Sequence and transcriptional variability within and between individuals are typically studied independently. The joint analysis of sequence and gene expression variation (genetical genomics) provides insight into the role of linked sequence variation in the regulation of gene expression. We investigated the role of sequence variation in cis on gene expression (cis sequence effects) in a group of genes commonly studied in cancer research in lymphoblastoid cell lines. We estimated the proportion of genes exhibiting cis sequence effects and the proportion of gene expression variation explained by cis sequence effects using three different analytical approaches, and compared our results to the literature.
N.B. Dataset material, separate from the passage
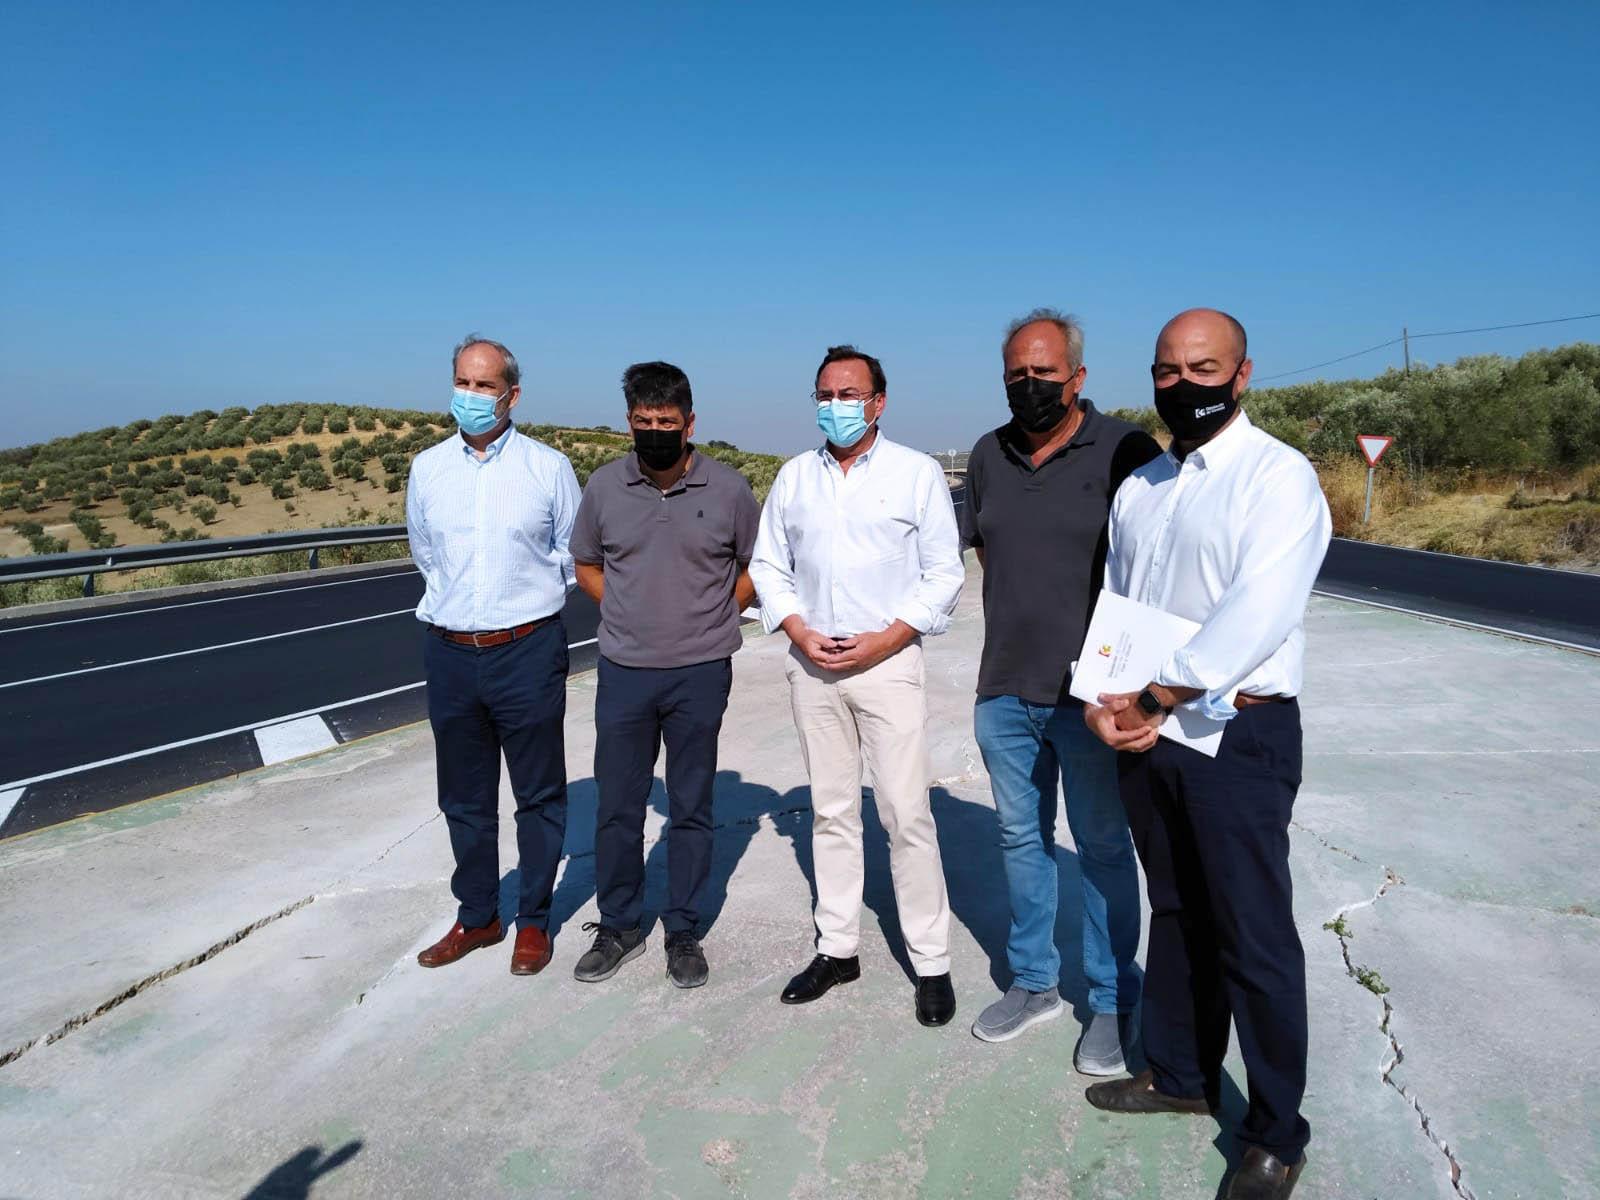 La Delegación de Carreteras de la Diputación de Córdoba interviene en la CO-5209 'De Monturque a Montilla' por Cerro Macho

We generated gene expression profiling data at N = 697 candidate genes from N = 30 lymphoblastoid cell lines for this study and used available candidate gene resequencing data at N = 552 candidate genes to identify N = 30 candidate genes with sufficient variance in both datasets for the investigation of cis sequence effects. We used two additive models and the haplotype phylogeny scanning approach of Templeton (Tree Scanning) to evaluate association between individual SNPs, all SNPs at a gene, and diplotypes, with log-transformed gene expression. SNPs and diplotypes at eight candidate genes exhibited statistically significant (p < 0.05) association with gene expression. Using the literature as a "gold standard" to compare 14 genes with data from both this study and the literature, we observed 80% and 85% concordance for genes exhibiting and not exhibiting significant cis sequence effects in our study, respectively.
Based on analysis of our results and the extant literature, one in four genes exhibits significant cis sequence effects, and for these genes, about 30% of gene expression variation is accounted for by cis sequence variation. Despite diverse experimental approaches, the presence or absence of significant cis sequence effects is largely supported by previously published studies.